Authorities should give out warnings rather than impose fines in the first year of implementation of the General Data Protection Regulation, the Chamber of Small and Medium Enterprises (GRTU) said.

The European Union’s General Data Protection Regulation (GDPR) came into effect on Friday. It increases privacy for individuals and aims to ensure that personal data gathered is done lawfully and with the individuals’ full consent.

The new regulation also gives authorities more power to act on those who do not comply.

In this regard, local authorities are now able to impose harsher fines with up to four per cent of annual turnover or €20 million, the GRTU said.

The chamber insisted that businesses needed to be given more time to fully implement the regulation, adding that the legislation was “cumbersome”.

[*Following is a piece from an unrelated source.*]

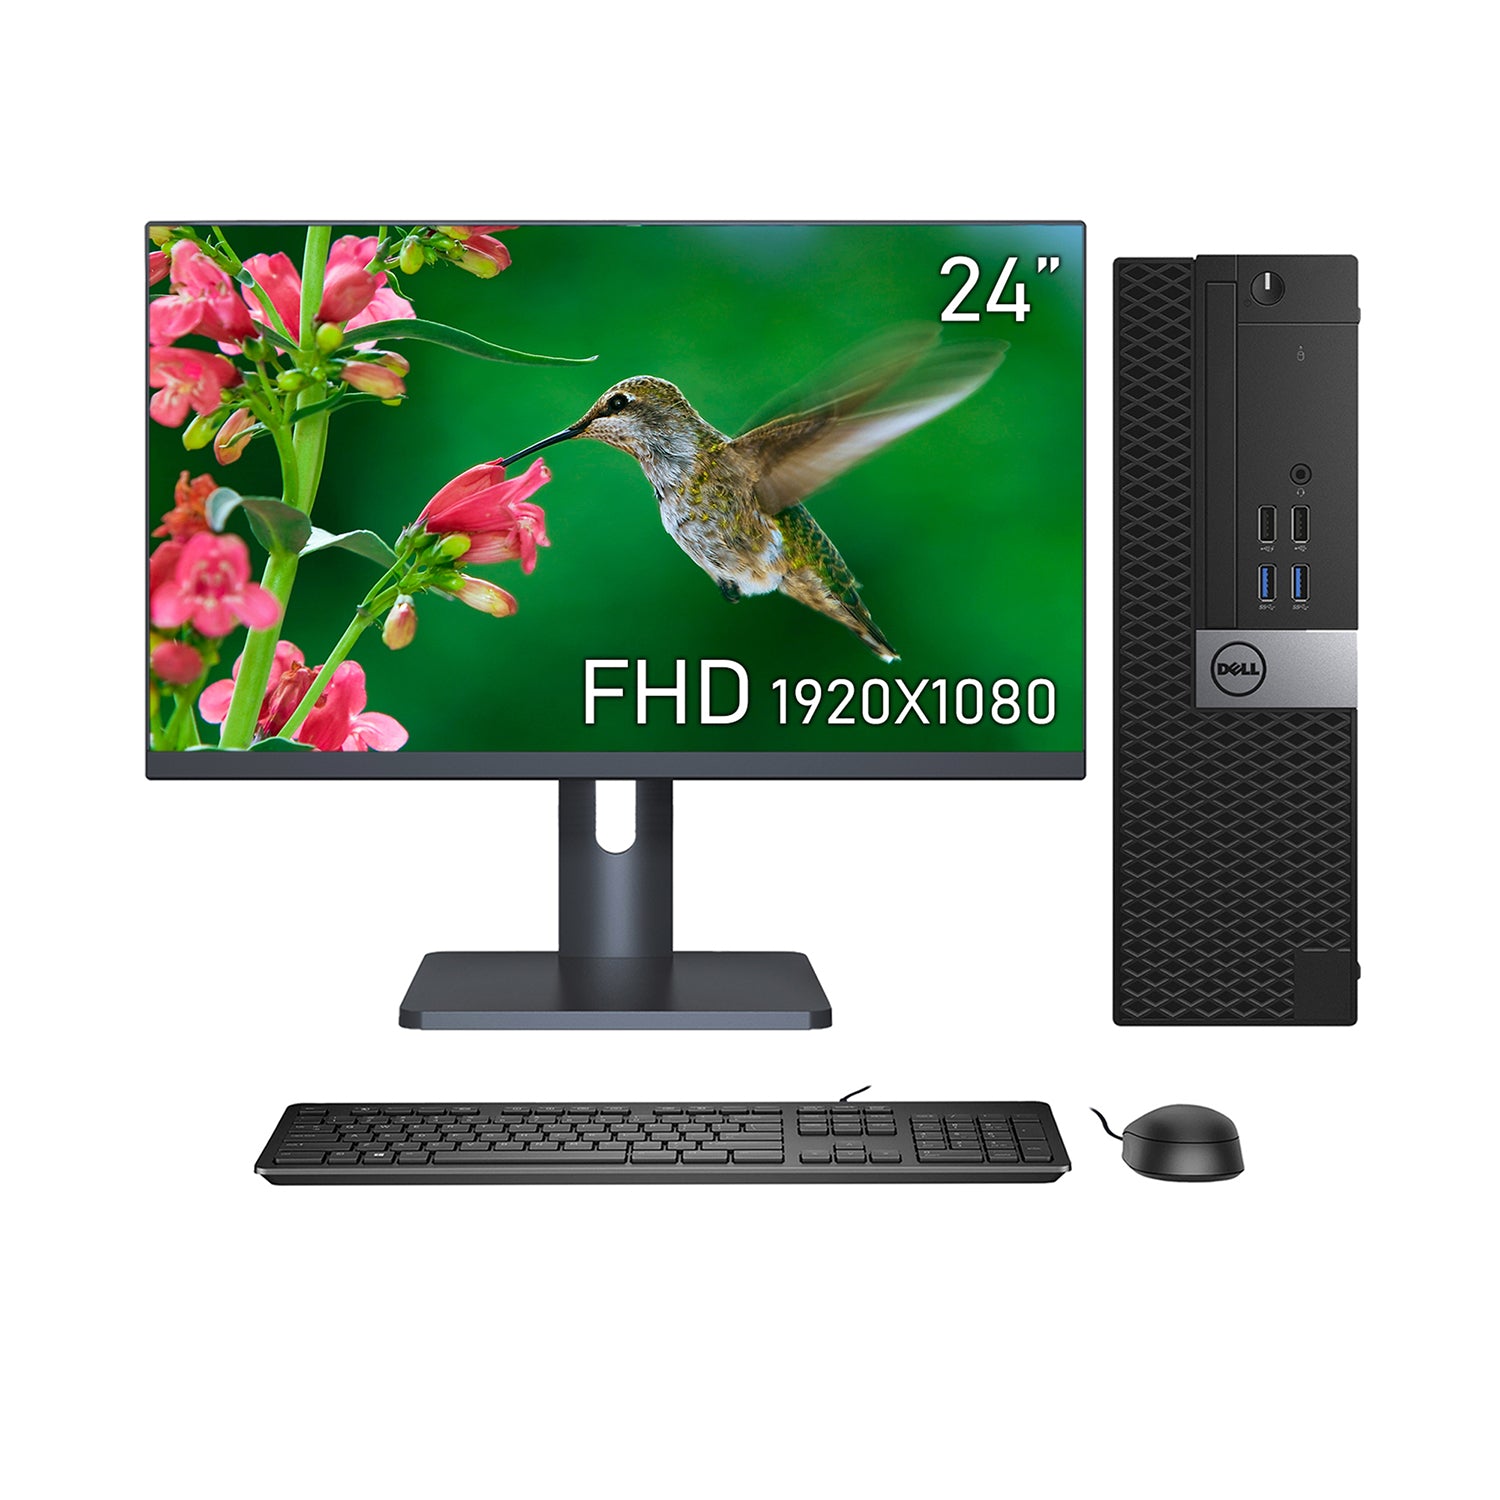 Dell Computer OptiPlex SFF Desktop PC| Intel Core i5 up to 3.60 GHz Processor| 16GB - 32GB DDR4 RAM| 256GB -2TB SSD| Windows 10 Pro| New 24 inch FHD Monitor| HDMI| WIFI - Refurbished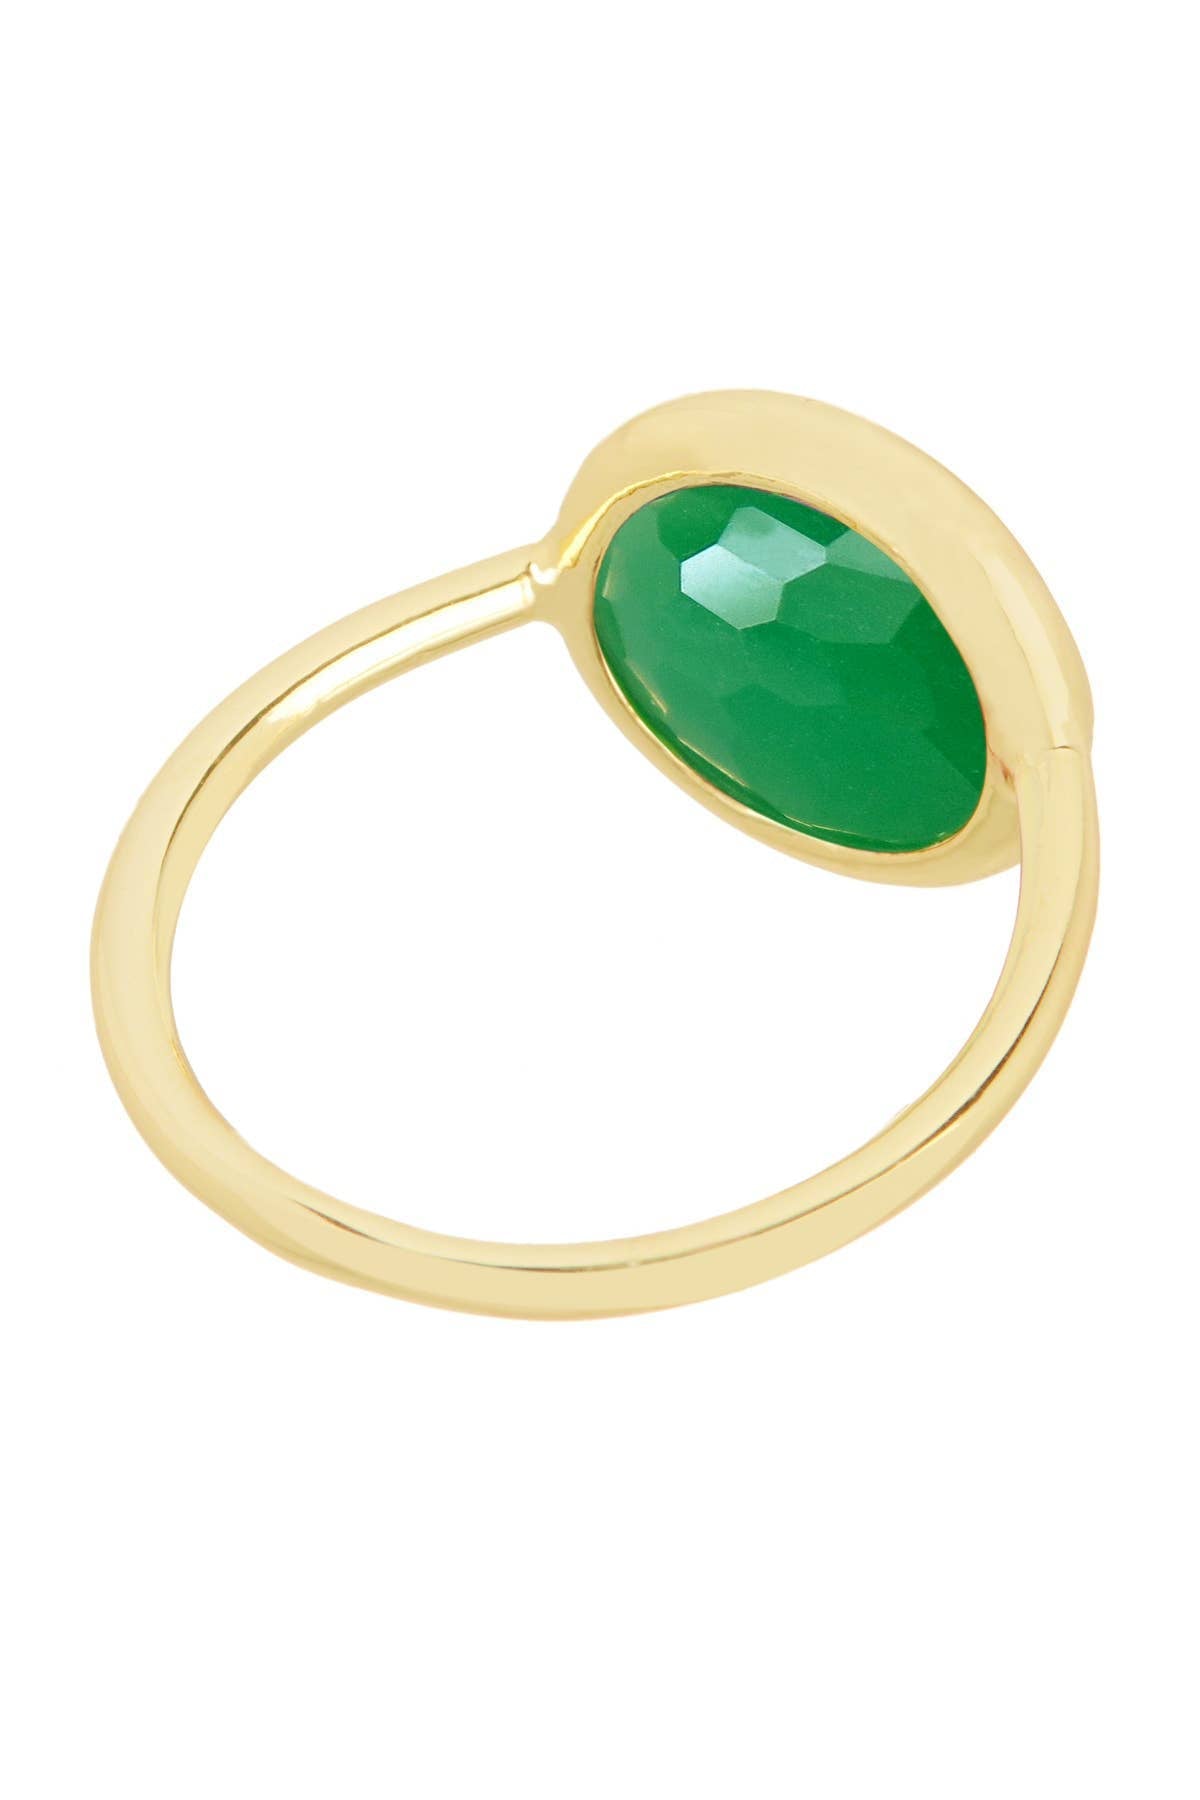 Green Chalcedony Round Ring In 14k - GF

READ: High-profile US news sites blocked for EU users as GDPR comes into force

It fails to make a distinction between small and medium enterprises

“It fails to make a distinction between small and medium enterprises (SMEs) and larger organisations,” the GRTU said.

The regulation was also very subjective and, in many ways, open to interpretation.

“Although the GRTU believes that its members are doing their best to comply with this regulation, one cannot expect business to become fully compliant right from the start,” it said.

The GRTU said that it has organised a series of information sessions, seminars and conferences for its members in order to prepare for the regulation.

“Through these seminars, members were given the necessary information and tools to bring their business in line with this regulation,” it said.

However, the new regulation was still “not the easiest to comply with”, the organisation lamented on Friday.